We were doing shows in Chinatown and then, in 2003, we organised the first Asian-American stand-up comedy competition. And Paul Ogata won. A Japanese American Hawaiian. And we became good friends and he’s coming here this month for the 24th time headlining our club.

LAST COMIC STANDING From October 13 until November 5, it will be the 10th Annual Hong Kong International Comedy Festival. Every year we have three preliminary rounds (of 10 comedians competing each night) making a room full of people laugh while being timed and judged before the finals, on October 22. We have 22 comedians from around the world and eight local, all competing to win a tour of the top five comedy clubs in the US plus HK$40,000. Anyone can enter. It’s also a chance to network, to meet other comedians. Two of our biggest stars are Vivek Mahbubani and Jim Brewsky. Years ago, when I opened this club, I knew we would get famous comedians like Ogata, but my goal also was to help kick-­start people’s careers, and we have, with these two.

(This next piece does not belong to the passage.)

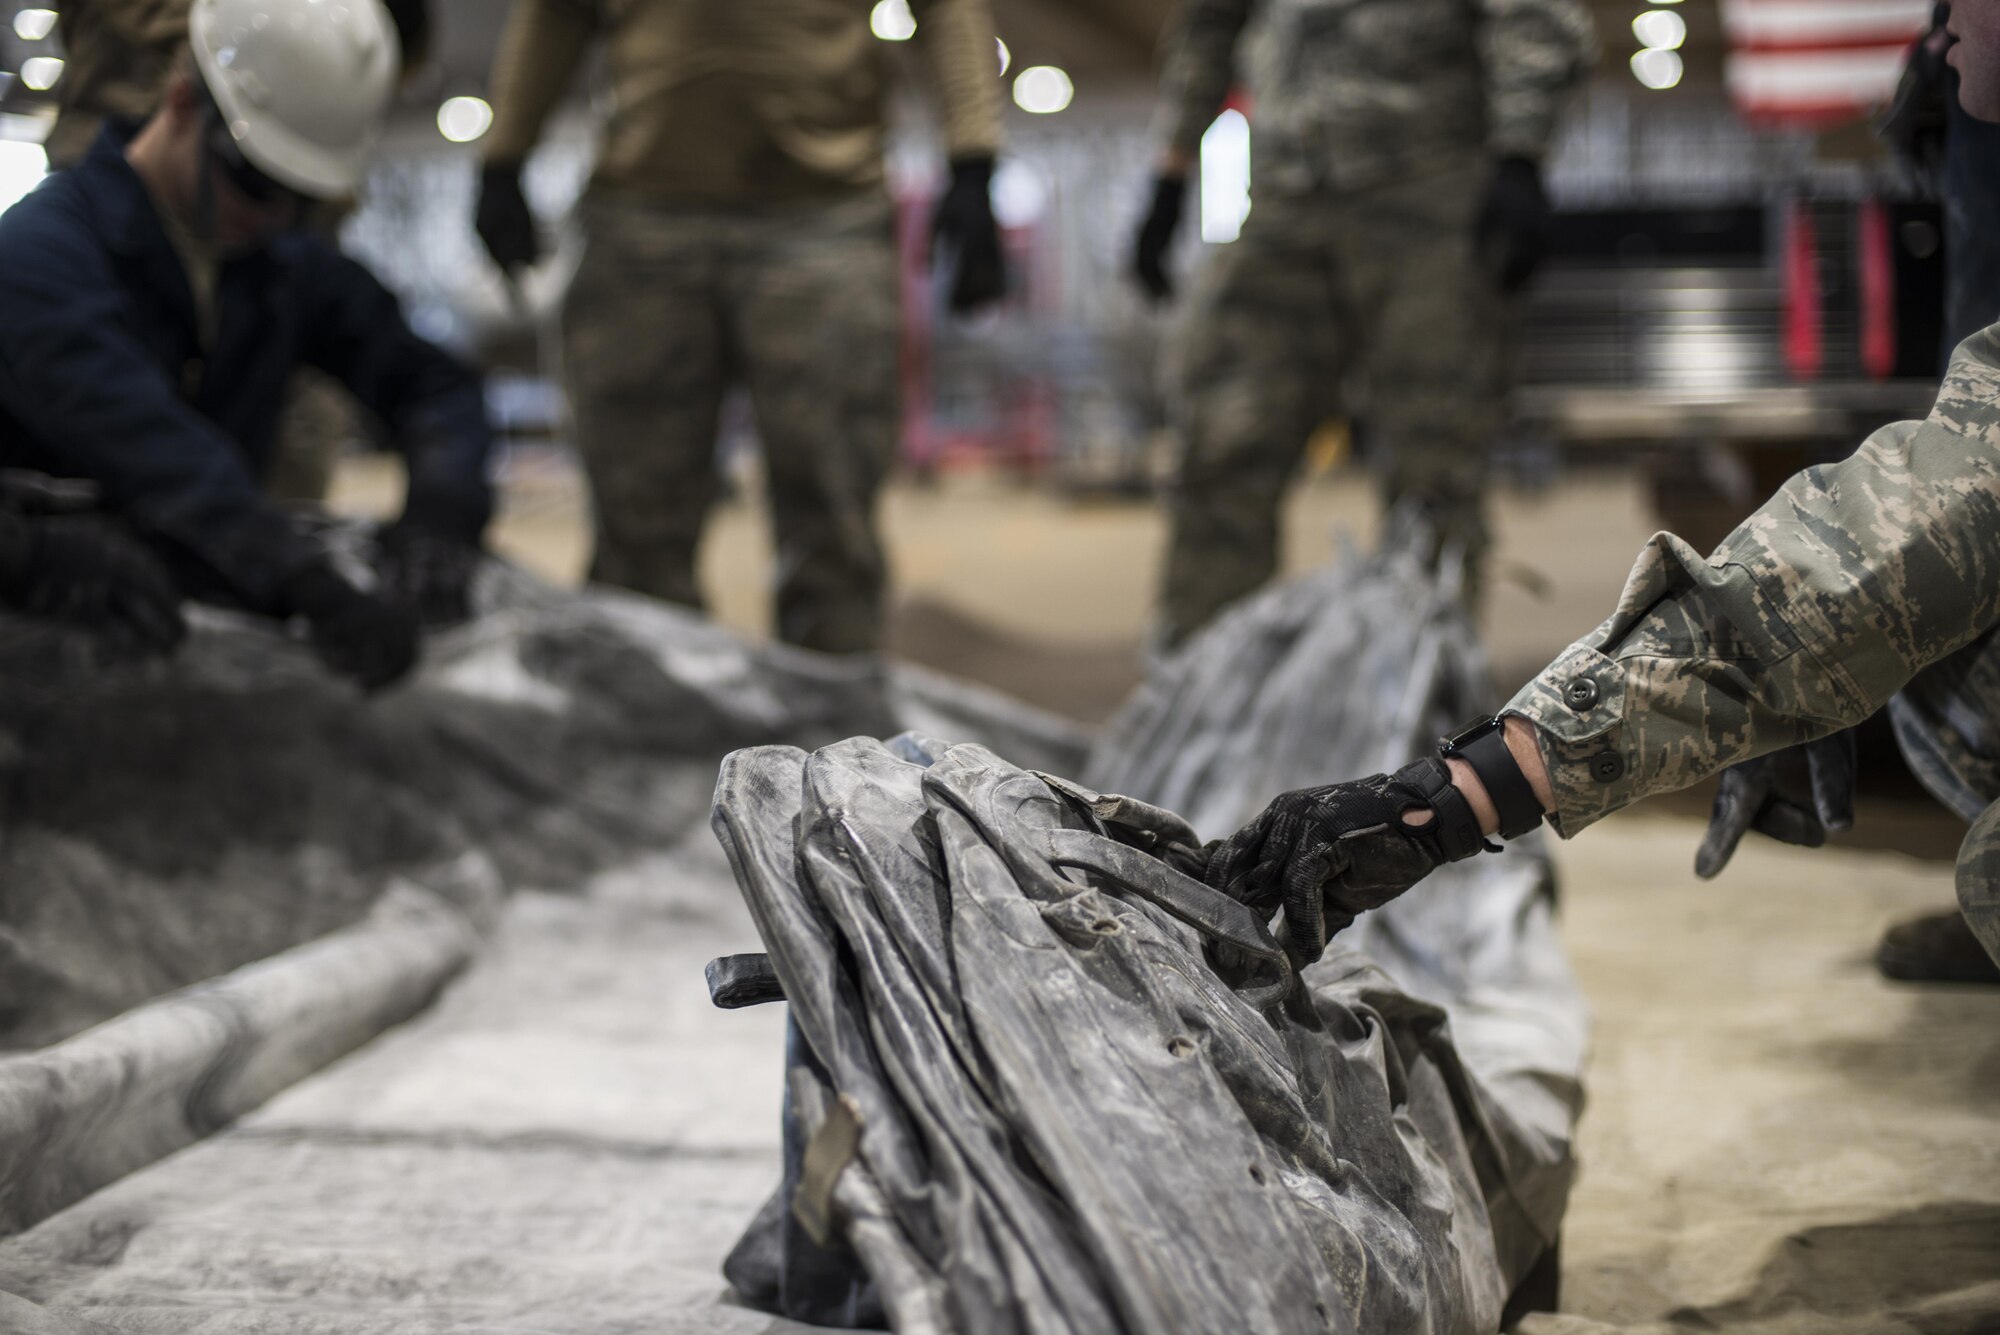 Airmen with the 35th Maintenance Squadron crashed, damaged, disabled aircraft recovery unit inspect a lifting bag at Misawa Air Base, Japan, Jan. 28, 2017. CDDAR conducts training annually to ensure Airmen stay proficient in case of a real-world aircraft emergency. Lifting bags are used to elevate an aircraft approximately 18 inches off the ground, enabling the landing gear to be dislodged. (U.S. Air Force photo by Senior Airman Brittany A. Chase)

GETTING IN ON THE ACT I teach a four-hour stand-up comedy class once every three months. I really go into specifics – everything from writing to performing. I consider myself a professional comedian who happens to run a comedy club. I think more students should take drama classes. Not necessarily stand-up, or improv, but I think more schools should offer drama classes. Because that’s a great skill, to get the confidence to stand up and talk in front of people. It’s a great skill I was never taught in school.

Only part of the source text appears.